As we see, x86 always uses segmentation, but paging is optional.
However, we want the reverse! Namely, UNIX does not use segmentation – and it is harder to handle it, as well as write compilers which will generate the appropriate code. Besides, we definitely have to use paging (allocating memory with them is very easy), and the combined structure is just too complex.
So, all UNIX implementations for x86 known to me (and ygg is not an exception) follow flat memory model, where segments are pretended to be absent – this is impossible from x86 point of view, but their bases in GDT are just made 0, and the limits are set to 4Gb. We still have to have different segments for code and data (this is another x86 requirement, and, for instance,
CS register must point only to the code segment descriptor), but they just completely overlap with
each other. Adding offset to 0 will give us the same offset, so the only translation which remains from the point of view of kernel (except some initialization and low-level code) is only paging,
which it enables.
In such a way, the structure logical-optional linear-physical is transformed to the
virtual-physical where virtual is the same as optional linear and the 32-bit part in logical address.
Of course, the CPU does not know about this software point of view, still performing the complete translation (but GDT is not changed and thus is always cached inside the CPU) – it would have been better if Intel engineers added a bit to explicitly switch off the segmentation.

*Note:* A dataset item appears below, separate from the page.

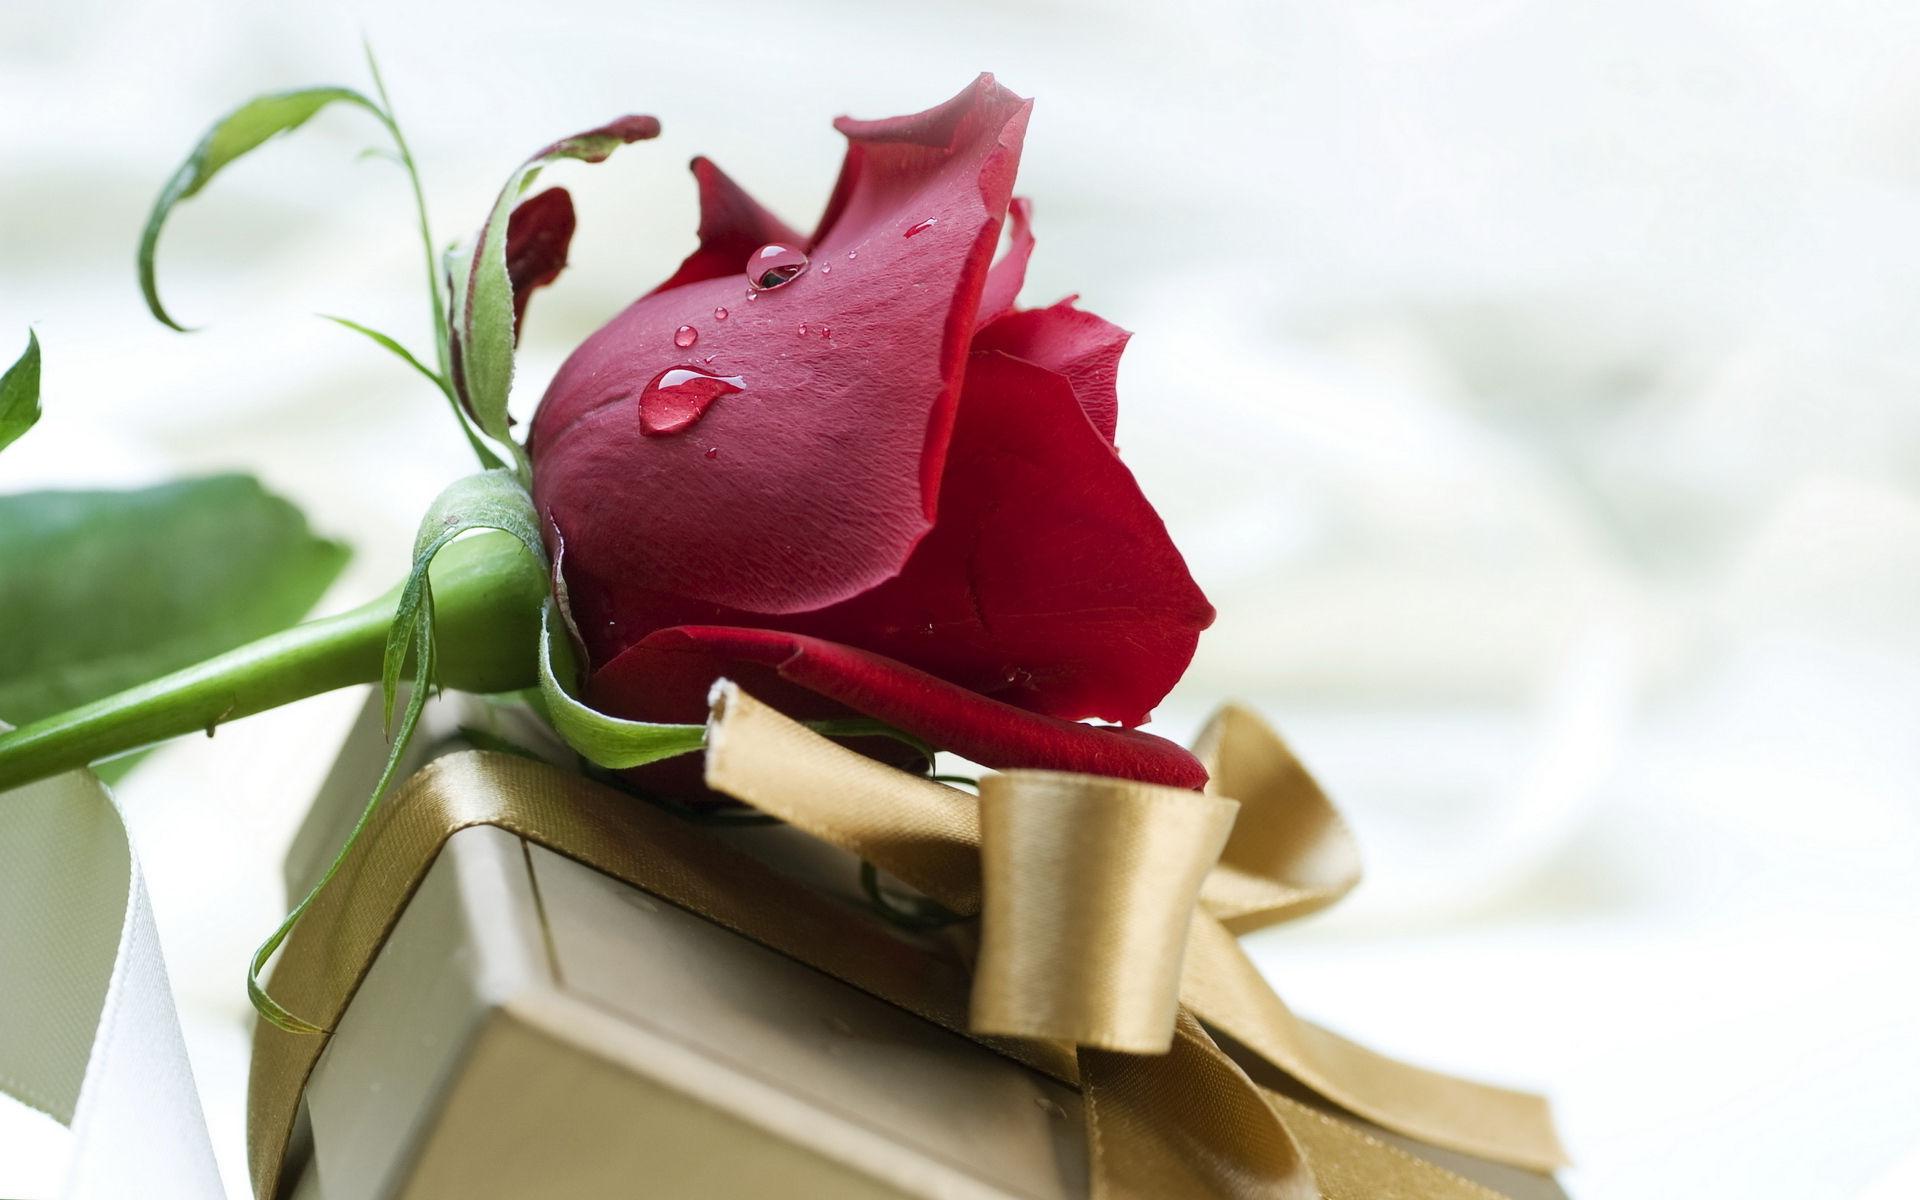 fonds d'écran st-valentin fleur rose - maximumwallhd

After having understood this let us return to ygg memory management.

Memory layout of a process in ygg is as follows:

  • 4Gb total available (both for current user-level code and kernel)
  • page size is 4K (large pages are not supported yet).
  • user code goes from the address 0, then read-only data, writeable data and BSS section (which is not stored in executable files but is allocated when the process is loaded into memory).
    Afterwards goes dynamic memory (heap) allocated with a request to the kernel.
  • kernel goes from the address KBASE (typically it is configured to be 3Gb) and up to the highest address 0xffffffff, the layout is reminiscent to the one of user process.
  • user and kernel stacks grow downward from the addresses KBASE and 4Gb - 1 respectively.
  • no shared memory and swapping are supported yet.
  • kernel pages are protected from user access.

screenshotProcess memory layout in Linux (in ygg user code starts from 0)

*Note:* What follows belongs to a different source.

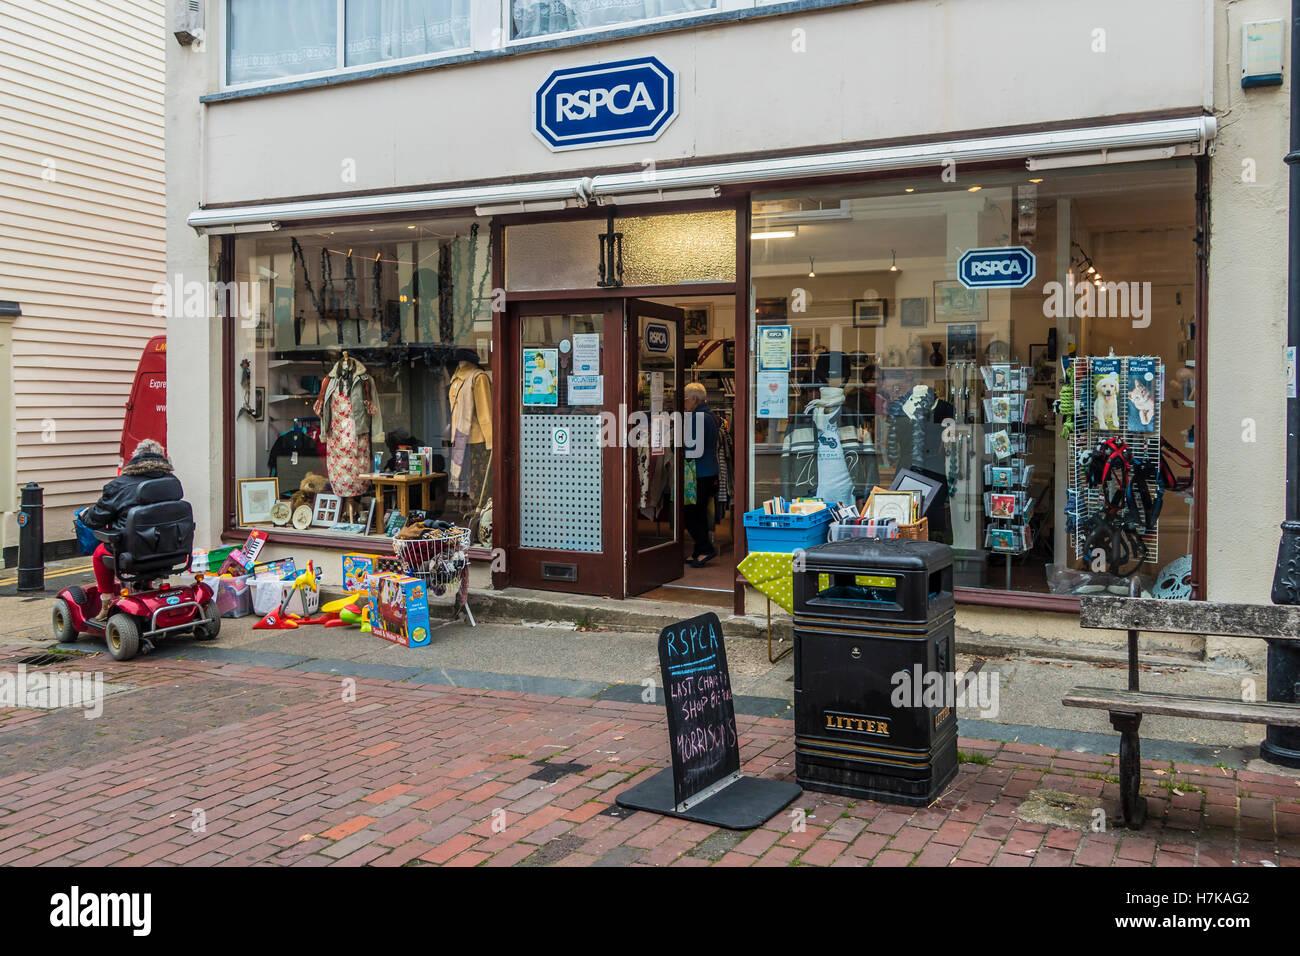 RSPCA Charity Shop Faversham Kent England - Stock Image

No x86 segmentation is used intentionally – x86 processor still requires segmentation, but we simulate its absence by making all segments starting from address 0 and finishing on the address 4Gb-1.

ygg uses four memory managers, some of them depend on the others:

  • physical memory allocator, based on a double-linked list of free memory, where each node stores
    the respective free block first physical address, its size in 4K x86 pages and two pointers to next and previous elements in list:
    screenshotEach object is memory block
    Address is not a C pointer, since it cannot point to physical unused memory, it is just a number,
    which is considered by operating system as a physical address, which can be afterwards written in a page table as expected by x86 architecture with a corresponding virtual page address mapping (and the process may then operate with those virtual addresses to be mapped, seeing them as new available memory in its virtual address space). This is the lowest level allocator not invoking any other one.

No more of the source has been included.